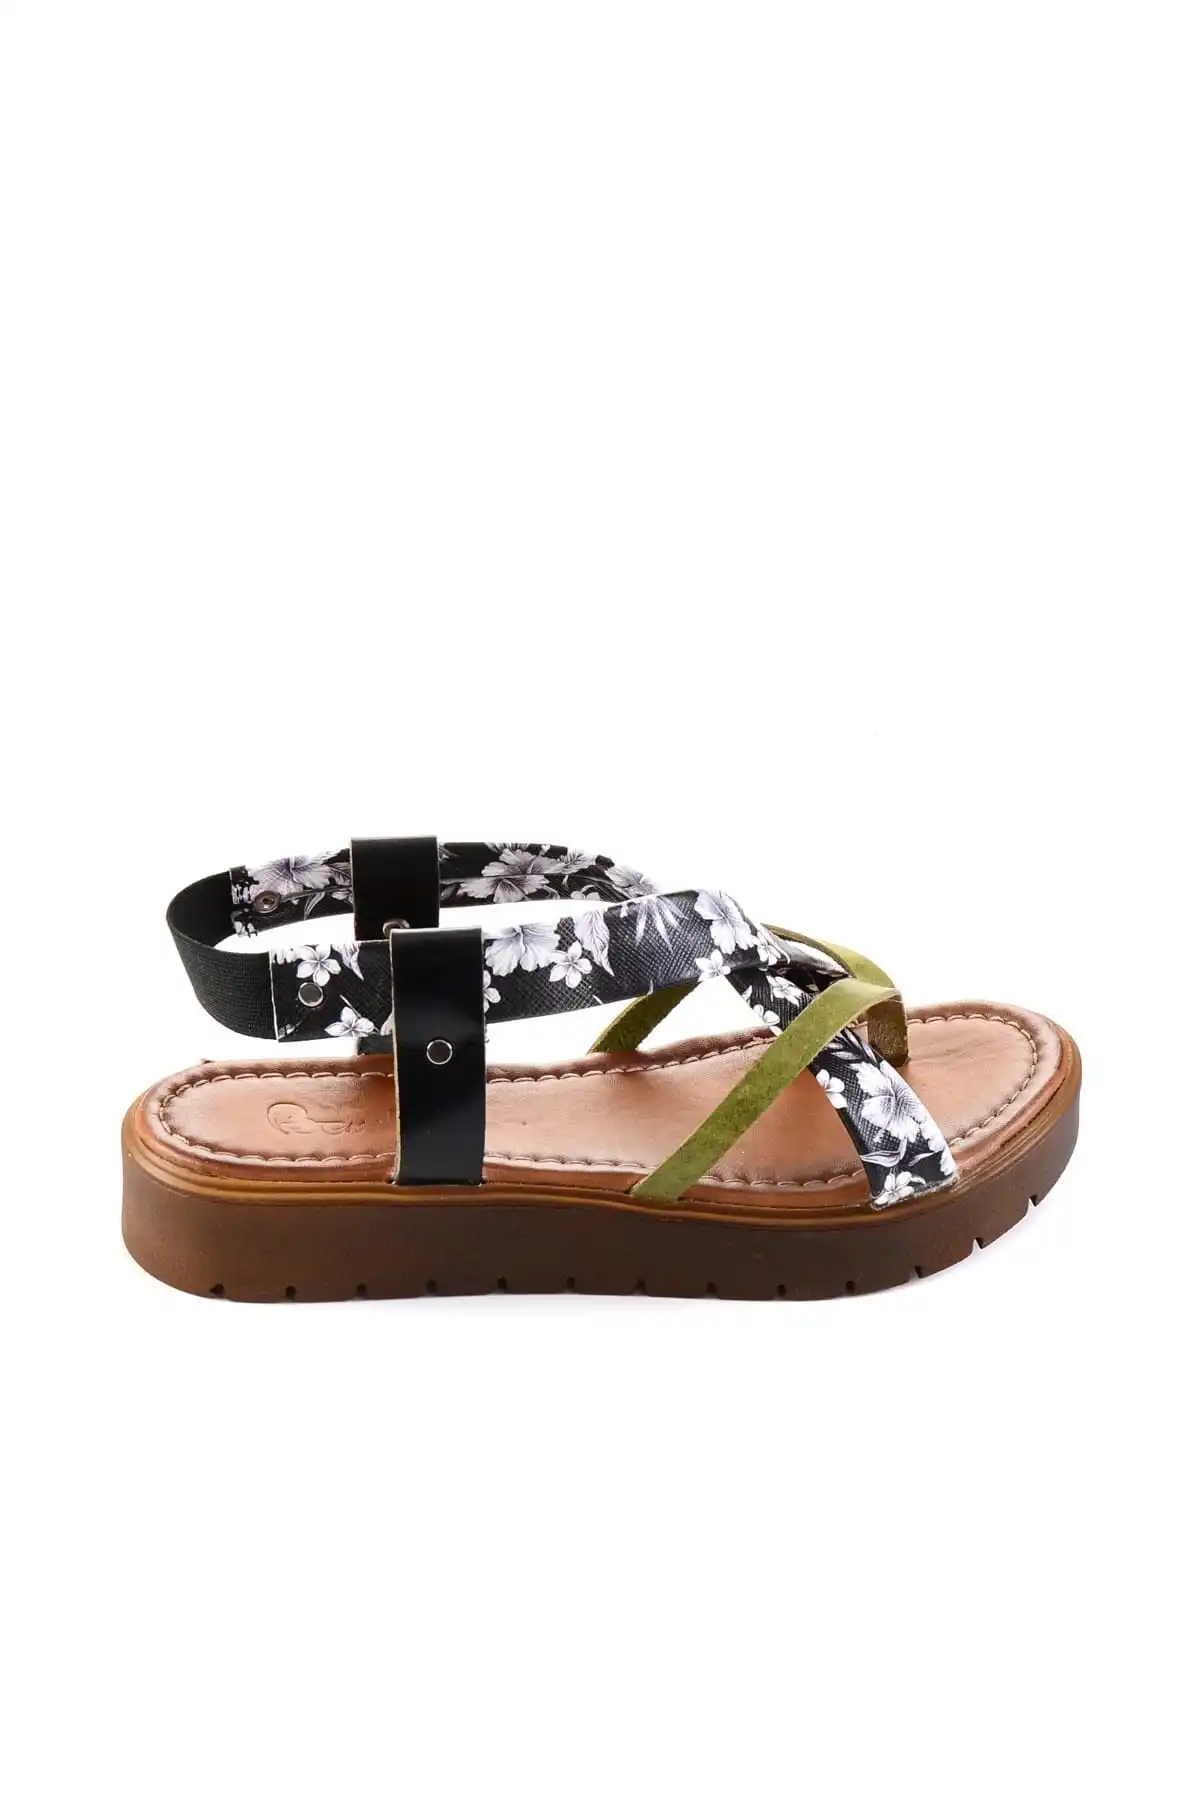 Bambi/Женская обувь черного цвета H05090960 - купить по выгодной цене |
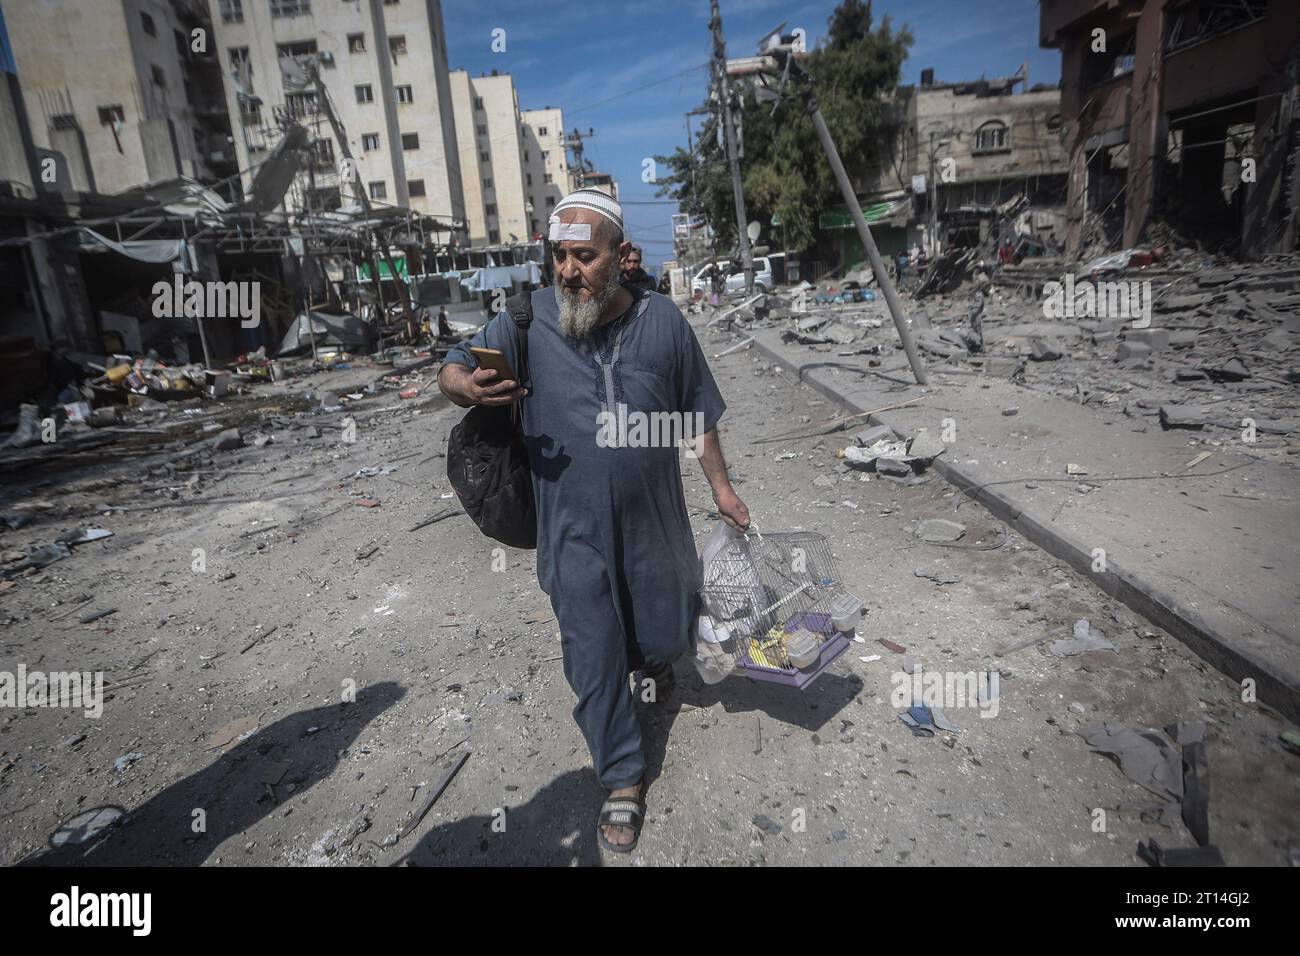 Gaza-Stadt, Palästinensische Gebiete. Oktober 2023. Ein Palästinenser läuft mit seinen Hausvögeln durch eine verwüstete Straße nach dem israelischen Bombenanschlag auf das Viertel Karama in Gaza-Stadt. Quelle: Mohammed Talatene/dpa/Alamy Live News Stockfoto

____________

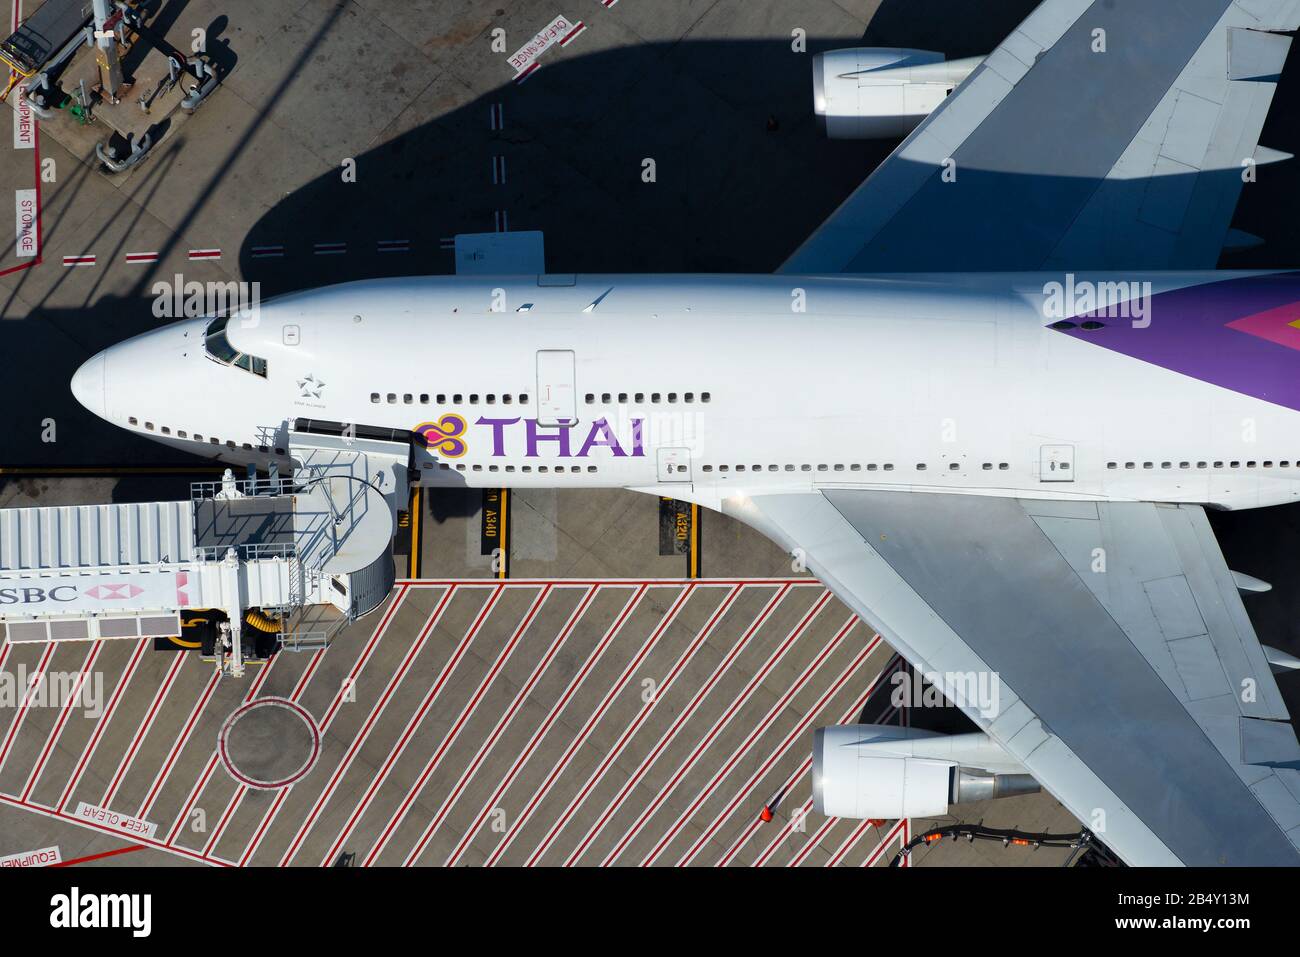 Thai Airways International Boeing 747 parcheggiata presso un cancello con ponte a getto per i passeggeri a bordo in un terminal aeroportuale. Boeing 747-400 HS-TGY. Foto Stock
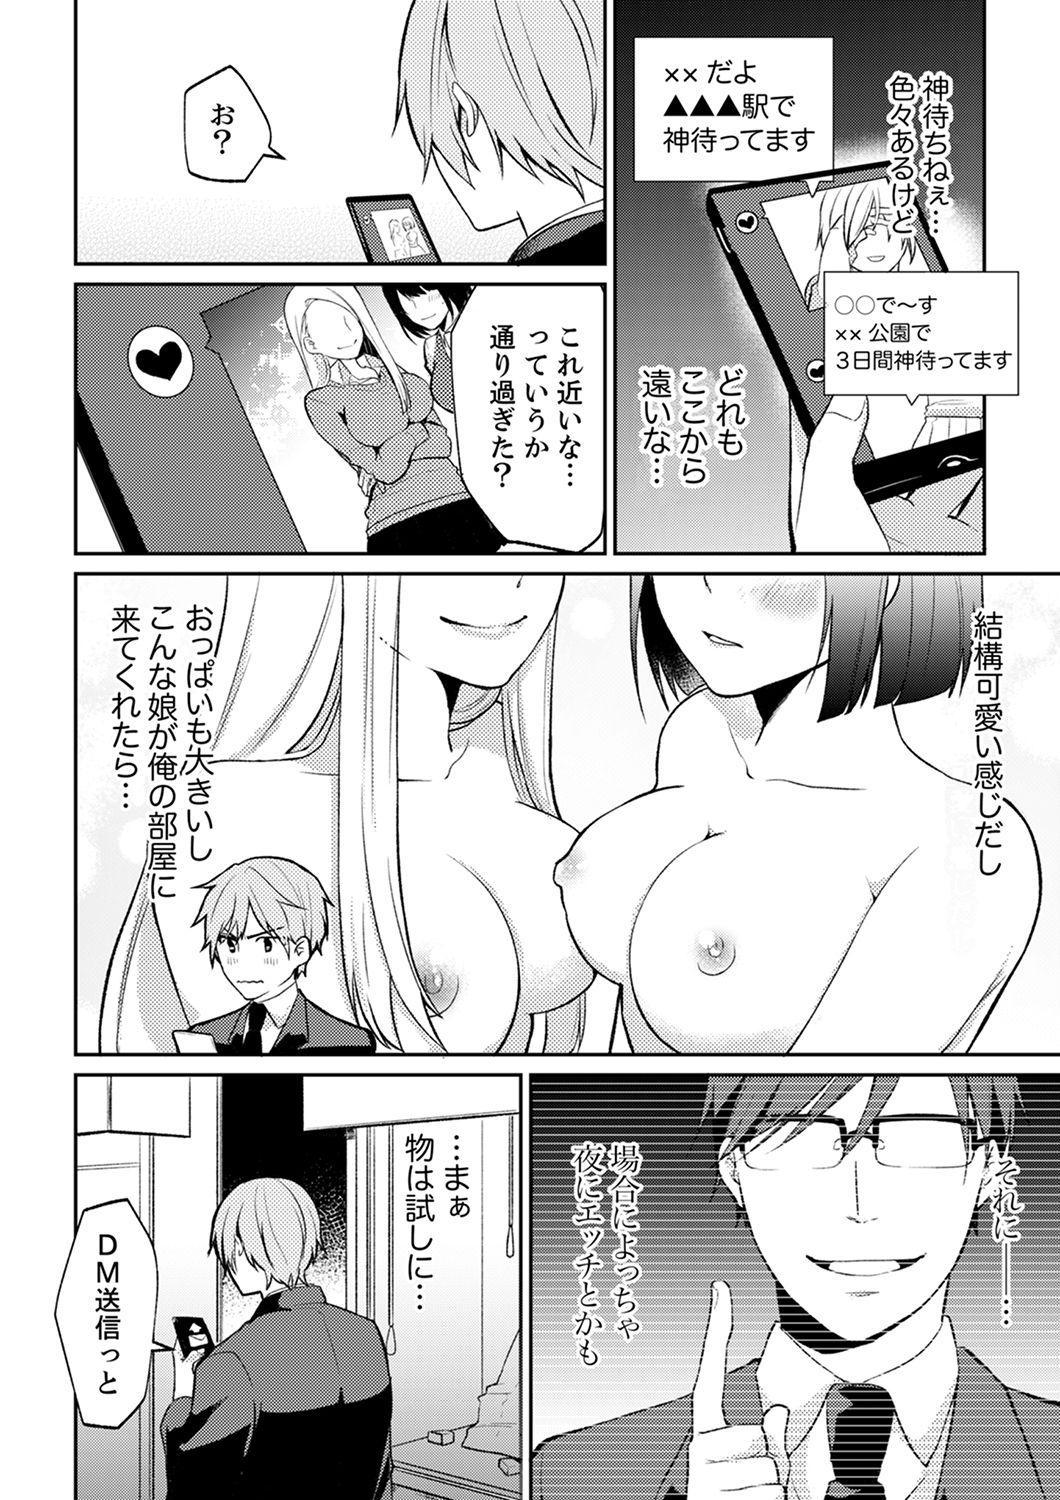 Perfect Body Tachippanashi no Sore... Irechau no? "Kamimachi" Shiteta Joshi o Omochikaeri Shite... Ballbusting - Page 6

____________

From the records above, give again only the part that opens with the line containing "Bambi/Женская обувь черного" and closes with the line containing "Gaza-Stadt, Palästinensische Gebiete.". Keep both ends but drop the pictures.

 Bambi/Женская обувь черного цвета H05090960 - купить по выгодной цене |
 Gaza-Stadt, Palästinensische Gebiete. Oktober 2023. Ein Palästinenser läuft mit seinen Hausvögeln durch eine verwüstete Straße nach dem israelischen Bombenanschlag auf das Viertel Karama in Gaza-Stadt. Quelle: Mohammed Talatene/dpa/Alamy Live News Stockfoto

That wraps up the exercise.